Посланник наблюдал за мной с удивлением. Обычай был ему незнаком, но вопрос вызвал только один. Воин спросил, действительно ли сиятельная госпожа сама пекла хлеб. Я смутилась, вспыхнула, растерялась совсем. За меня староста ответил. Зычно, громко.
— Сама, ясное дело! Кареглазая все умеет. Всему научена. Хорошая была б в хозяйстве баба, если б не… — он вдруг вспомнил, с кем говорит, и вовремя прикусил язык. Не назвал дар проклятием. Посланнику Императора, выжидающе приподнявшему бровь, это точно не понравилось бы.
Господин Мирс искренне считал, что я заслуживаю наилучшего к себе отношения, почестей. Как королевна из сказок, не иначе. В сравнении с неприятием, почти враждебностью односельчан, не чаявших избавиться от меня, в глаза особенно бросались и вежливость, и почтительность, и уважение воина. Настоящие, не наигранные. И я терялась, не знала, как себя вести.
У моего дома собрались люди, вся деревня. Дети, взрослые, старики. Глазели, шушукались, смеялись, перекрикивались и враз смолкли, когда увидели меня и воина, ведущего двух прекрасных коней в поводу. Расступились, пропустили меня к калитке. Проходя мимо них, заметила, что вещи и горшки у забора нетронутые стоят. Повторяя про себя, что была бы честь предложена, а возьмут или не возьмут — не мое дело, вошла в дом. Подошла к сумкам на столе, проверила, хорошо ли все застегнула. Уложила третью ковригу, что память о деревне сохранить должна.
— Неужели это все, госпожа Лаисса?
Я подпрыгнула от неожиданности, резко повернулась к воину. Мне и в голову не приходило, что кто-то может зайти в проклятый дом, потому так напугалась. Посланник рассыпался в извинениях, вдруг показался еще более смущенным, чем я. Заверила, что все в порядке, что просто задумалась и не услышала его шагов. Господин Мирс улыбнулся и взял со стола сумки.
Они показались ему слишком легкими. Это было видно по тому, как он поднимал поклажу. Много позже выяснилось, что южане задаривали будущих жриц золотом и каменьями, заботились о них, как о царевнах. Ограждали от тревог и забот, ибо дар их был тяжел, а ответственность велика.
Посланник Императора просто поверить не мог в такое различие между разными провинциями.
Я вышла на улицу и окунулась в вязкое напряженное молчание. Если бы не пели птицы, не пофыркивал конь, не лаяла не другом конце деревни собака, я бы решила, что оглохла. Тишина была густой, взгляды людей — холодными и выжидающими. Сердце болезненно зашлось стуком, во рту пересохло, слова никакие на ум не шли. Господин Мирс приторочил мои сумки к седлу, удивленно на дядю Витора глянул. Посланник Императора ждал от старосты Сосновки прощальных речей, и тот не мог промолчать.

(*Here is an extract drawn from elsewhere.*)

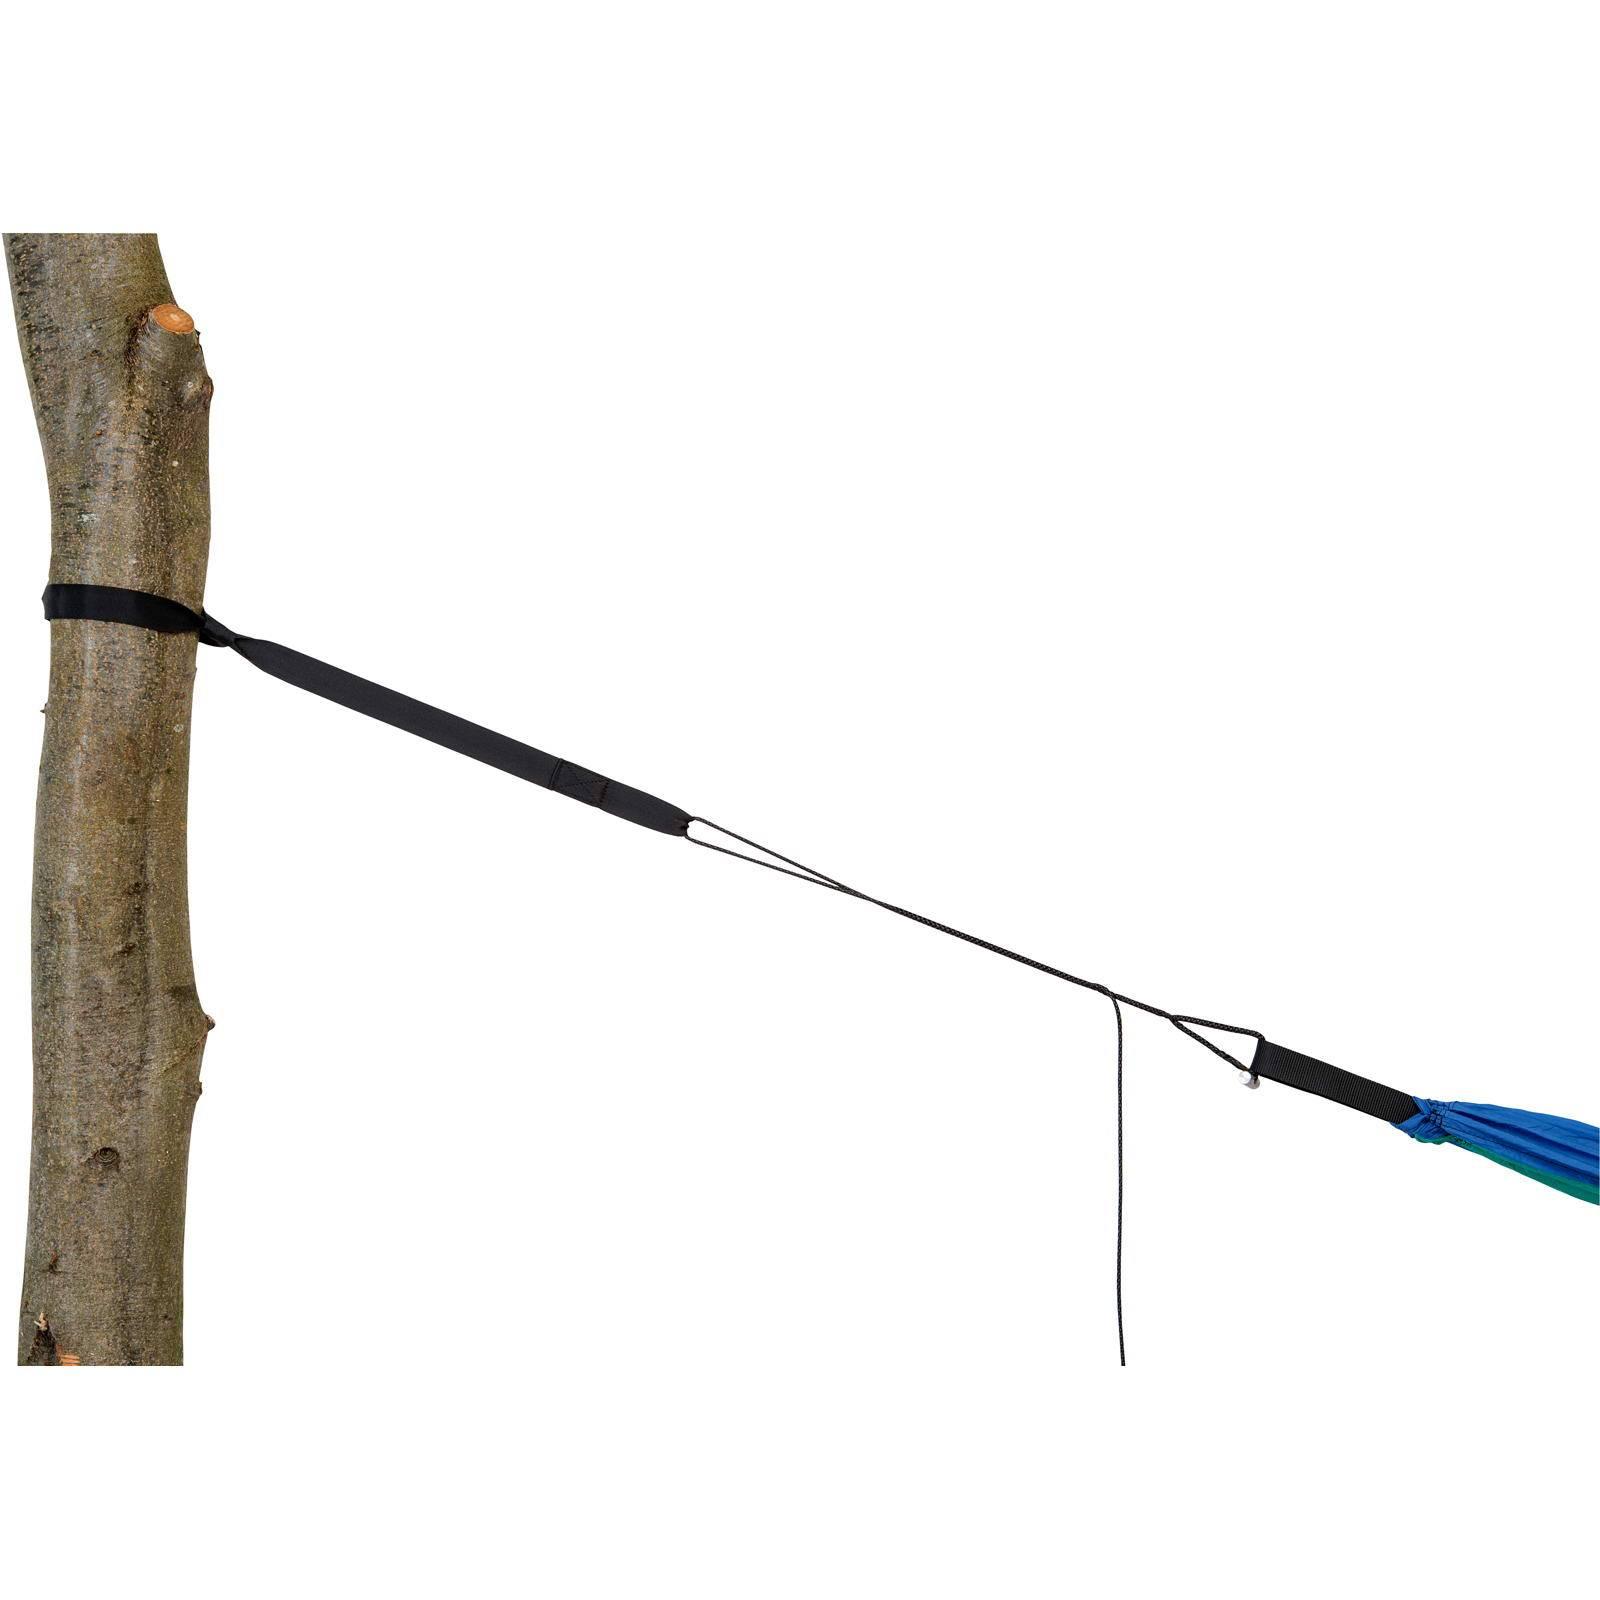 AMAZONAS Adventure-Rope - Hängemattenaufhängung - Bild 1

— Лаисса, — в кои веки назвав меня по имени, смущенно начал дядя Витор. Голос хриплый от волнения, староста старался не встречаться со мной глазами, говорил медленно. — Мы все и всегда знали, что твое место не здесь. И ждали, когда за тобой приедет Посланник. Вот и случилось. Ну, не поминай лихом… Тебе там, может, лучше будет. Прощай, Кареглазая.
Не самая красивая речь, зато дядя Витор подобрал слова так, чтобы не солгать мне на прощание. Он не щадил мои чувства, нет. Тогда бы не поскупился хотя бы на одно-единственное пожелание. Но и оно было бы лживым, а я бы почувствовала это, какой бы ласковой улыбкой староста ни прикрывался.

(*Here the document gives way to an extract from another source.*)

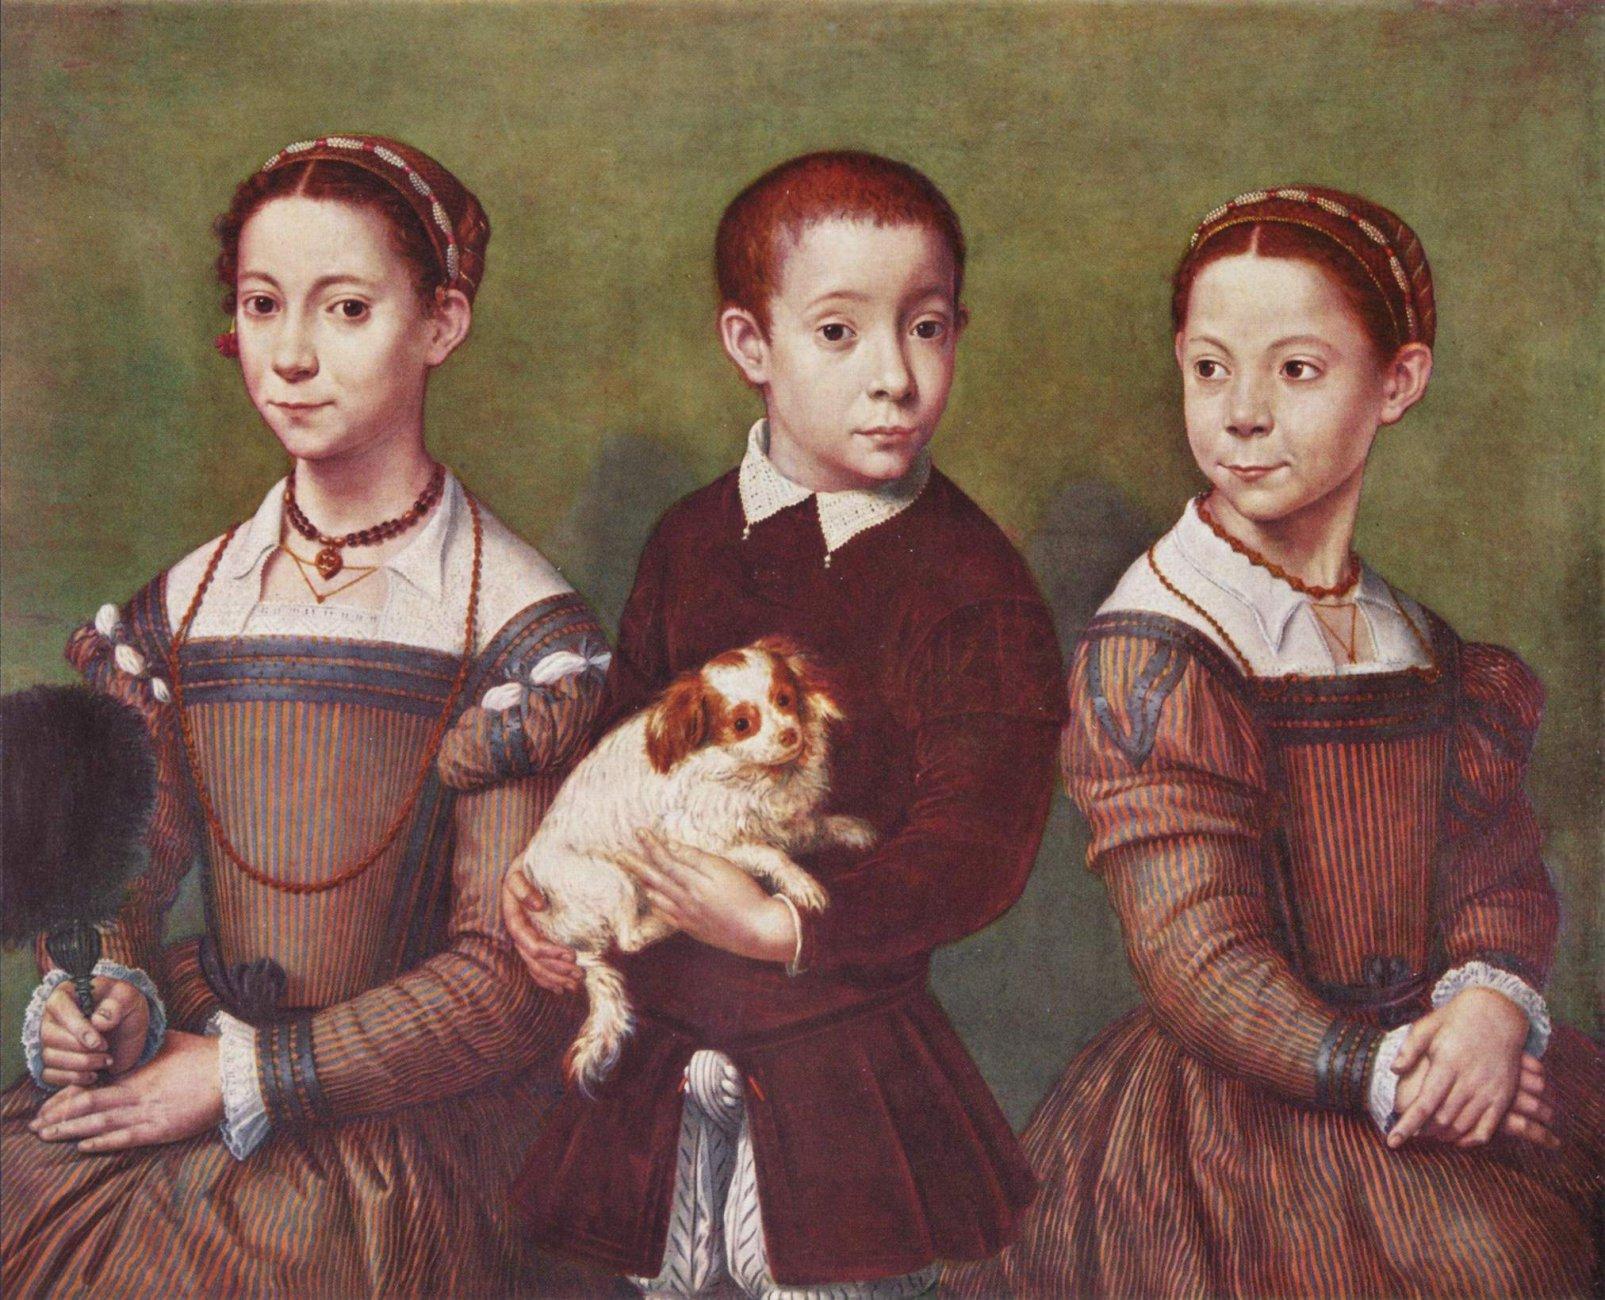 Sofonisba_Anguissola_001.jpg

Именно в этом заключается мой дар-проклятие. Я вижу ложь и правду. Меня невозможно обмануть.
Улыбнулась, односельчан взглядом обвела. Пожелала здравия и удачи. Мне не ответил никто. Приняла помощь почтительного воина, разъяснившего, как надо сидеть в непривычном женском седле. Умостилась и, тронув поводья, поехала прочь из Сосновки.